Nissan a besoin d’un coup de boost. Le constructeur perd de l’argent et la situation est complexe, car la pression s’accroît de jour en jour après une fusion ratée avec Honda sur la plan industriel et des ventes en berne en raison d’un marché chinois difficile et du manque d’un best-seller dans la gamme. Le défi est de taille, mais la marque peut heureusement compter sur des modèles qui possèdent un certain écho. Comme la Leaf. Il faut se souvenir en effet qu’il y a quinze ans déjà, cette compacte montrait la voie vers l’électrique et donc vers l’avenir de l’industrie automobile. Cette vision vaut à elle seule une médaille, même si, depuis, tout le monde a déjà oublié le caractère avant-gardiste de Nissan dans cette matière.
Efficace avec Kamm
Mais c’est la loi du marché. Et il arrive régulièrement que des marques arrivées sur le tard récoltent les fruits ce qui a été semé par les autres. Avec cette troisième génération, Nissan entend néanmoins réparer ce qu’il considère comme une injustice. Et ça se voit. Le numéro trois mondial ne nous sert plus un modèle étrange, mais un crossover élégamment habillé. C’est surtout la partie arrière qui attire l’attention par le biais d’une signature lumineuse qui évoque un modèle rétro et une silhouette de coupé –qui contribue de surcroît à réduire la consommation. L’avant est plus conforme au look de la récente Ariya. Le style choisi est certes en totale rupture, mais il est aussi très fonctionnel : un coefficient de pénétration dans l’air de seulement 0,25 et très flatteur pour la catégorie.
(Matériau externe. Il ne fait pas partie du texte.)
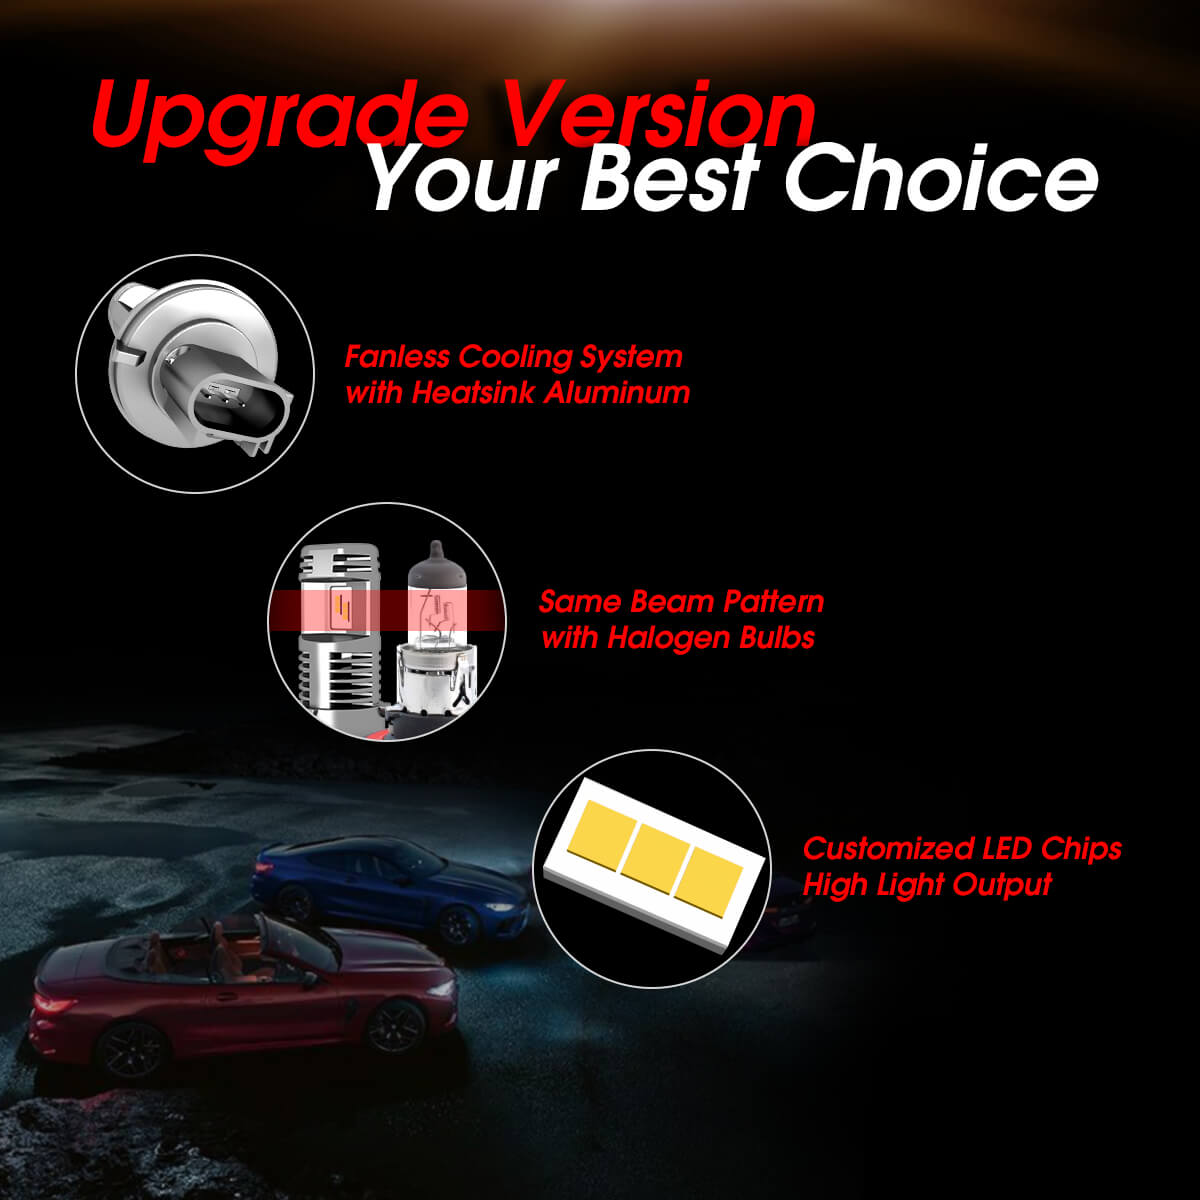 9004 LED Fanless Headlight/Fog Light Conversion Kit with Internal Drivers -  4,000 Lumens/Set

Si l’ancienne Leaf était difficile à catégoriser, la nouvelle se positionne plus clairement et elle vise le segment des SUV compacts. Elle rentre donc en frontal face au Skoda Elroq et encore plus à la Kia EV3 qui est un véritable best-seller déjà. Mais pour les clients, le changement est palpable. Par rapport au modèle précédent, la nouvelle Leaf a perdu 14 cm en longueur et elle s’adresse donc plus au segment B.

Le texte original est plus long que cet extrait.